■ **Task**: Only the lines from the one containing "乌拉圭 1974年 世界杯足球赛 3全,MNH,Uru10" through the one containing "nő a pénisz" should be printed, exactly as they appear below, with both ends included.

━━━ Given records

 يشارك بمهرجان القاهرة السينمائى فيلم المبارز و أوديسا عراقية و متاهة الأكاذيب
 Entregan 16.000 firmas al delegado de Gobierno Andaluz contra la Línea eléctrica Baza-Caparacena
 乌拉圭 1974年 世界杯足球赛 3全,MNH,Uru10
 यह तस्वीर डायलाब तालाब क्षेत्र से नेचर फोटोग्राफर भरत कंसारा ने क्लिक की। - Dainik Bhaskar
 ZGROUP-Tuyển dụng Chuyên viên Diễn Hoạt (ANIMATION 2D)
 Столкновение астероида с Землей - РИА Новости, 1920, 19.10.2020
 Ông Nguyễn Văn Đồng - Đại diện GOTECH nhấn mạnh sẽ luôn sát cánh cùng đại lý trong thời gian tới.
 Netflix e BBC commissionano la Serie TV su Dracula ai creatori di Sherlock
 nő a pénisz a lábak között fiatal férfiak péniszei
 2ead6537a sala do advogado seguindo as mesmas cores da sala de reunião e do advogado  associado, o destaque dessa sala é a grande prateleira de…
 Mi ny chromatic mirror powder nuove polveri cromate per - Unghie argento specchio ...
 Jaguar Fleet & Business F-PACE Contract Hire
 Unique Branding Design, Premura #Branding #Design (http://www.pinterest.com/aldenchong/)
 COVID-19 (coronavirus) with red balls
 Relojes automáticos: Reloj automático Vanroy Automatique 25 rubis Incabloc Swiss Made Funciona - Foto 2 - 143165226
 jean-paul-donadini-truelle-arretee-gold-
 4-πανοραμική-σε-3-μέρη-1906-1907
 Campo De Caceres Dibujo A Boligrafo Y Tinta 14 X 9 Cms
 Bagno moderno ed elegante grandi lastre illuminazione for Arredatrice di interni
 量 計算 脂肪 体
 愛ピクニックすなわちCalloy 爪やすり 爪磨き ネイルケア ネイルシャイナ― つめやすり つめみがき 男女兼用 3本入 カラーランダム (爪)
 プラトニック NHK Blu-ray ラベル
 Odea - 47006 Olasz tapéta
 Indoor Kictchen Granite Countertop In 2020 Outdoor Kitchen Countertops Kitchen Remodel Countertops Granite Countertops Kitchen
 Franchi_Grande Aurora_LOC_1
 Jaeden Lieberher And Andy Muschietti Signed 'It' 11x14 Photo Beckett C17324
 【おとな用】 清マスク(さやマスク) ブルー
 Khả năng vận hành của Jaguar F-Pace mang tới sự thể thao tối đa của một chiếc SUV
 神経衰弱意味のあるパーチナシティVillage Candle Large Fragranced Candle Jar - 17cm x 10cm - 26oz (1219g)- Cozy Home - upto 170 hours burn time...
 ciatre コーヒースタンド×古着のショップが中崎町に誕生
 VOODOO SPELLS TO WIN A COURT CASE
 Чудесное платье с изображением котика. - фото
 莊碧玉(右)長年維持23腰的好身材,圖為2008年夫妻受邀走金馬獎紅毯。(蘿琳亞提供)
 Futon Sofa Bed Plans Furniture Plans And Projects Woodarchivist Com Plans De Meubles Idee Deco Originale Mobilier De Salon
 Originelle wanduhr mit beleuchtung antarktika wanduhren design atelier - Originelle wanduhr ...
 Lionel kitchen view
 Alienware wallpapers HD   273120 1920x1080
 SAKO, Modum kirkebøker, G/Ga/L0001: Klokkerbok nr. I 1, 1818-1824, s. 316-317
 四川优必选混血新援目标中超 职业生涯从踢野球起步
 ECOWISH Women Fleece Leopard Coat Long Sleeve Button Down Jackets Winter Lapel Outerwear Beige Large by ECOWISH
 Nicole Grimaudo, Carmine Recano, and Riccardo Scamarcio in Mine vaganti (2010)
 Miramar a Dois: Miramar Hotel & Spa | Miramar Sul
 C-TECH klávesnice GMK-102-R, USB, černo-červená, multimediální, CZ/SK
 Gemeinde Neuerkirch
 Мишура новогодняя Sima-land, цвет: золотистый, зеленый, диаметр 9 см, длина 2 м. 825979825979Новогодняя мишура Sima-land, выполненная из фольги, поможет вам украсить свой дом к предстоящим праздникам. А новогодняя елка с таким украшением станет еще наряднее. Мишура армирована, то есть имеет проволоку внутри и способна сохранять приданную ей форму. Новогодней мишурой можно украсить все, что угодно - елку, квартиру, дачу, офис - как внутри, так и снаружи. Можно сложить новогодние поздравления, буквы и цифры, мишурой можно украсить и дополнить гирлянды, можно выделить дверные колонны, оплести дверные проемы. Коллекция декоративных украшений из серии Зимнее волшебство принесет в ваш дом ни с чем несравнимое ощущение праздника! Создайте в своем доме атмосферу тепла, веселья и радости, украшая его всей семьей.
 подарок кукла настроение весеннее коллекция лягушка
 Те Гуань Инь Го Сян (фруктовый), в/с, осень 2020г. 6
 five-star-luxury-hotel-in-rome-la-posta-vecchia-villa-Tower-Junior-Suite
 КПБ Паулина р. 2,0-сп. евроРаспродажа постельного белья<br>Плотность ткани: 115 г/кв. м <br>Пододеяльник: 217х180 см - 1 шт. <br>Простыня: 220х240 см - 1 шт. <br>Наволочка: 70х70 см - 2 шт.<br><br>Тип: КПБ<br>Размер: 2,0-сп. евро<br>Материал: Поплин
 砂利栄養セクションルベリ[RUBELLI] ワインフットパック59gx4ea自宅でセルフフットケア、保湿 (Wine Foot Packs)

━━━━━━

■ **Written answer**:
 乌拉圭 1974年 世界杯足球赛 3全,MNH,Uru10
 यह तस्वीर डायलाब तालाब क्षेत्र से नेचर फोटोग्राफर भरत कंसारा ने क्लिक की। - Dainik Bhaskar
 ZGROUP-Tuyển dụng Chuyên viên Diễn Hoạt (ANIMATION 2D)
 Столкновение астероида с Землей - РИА Новости, 1920, 19.10.2020
 Ông Nguyễn Văn Đồng - Đại diện GOTECH nhấn mạnh sẽ luôn sát cánh cùng đại lý trong thời gian tới.
 Netflix e BBC commissionano la Serie TV su Dracula ai creatori di Sherlock
 nő a pénisz a lábak között fiatal férfiak péniszei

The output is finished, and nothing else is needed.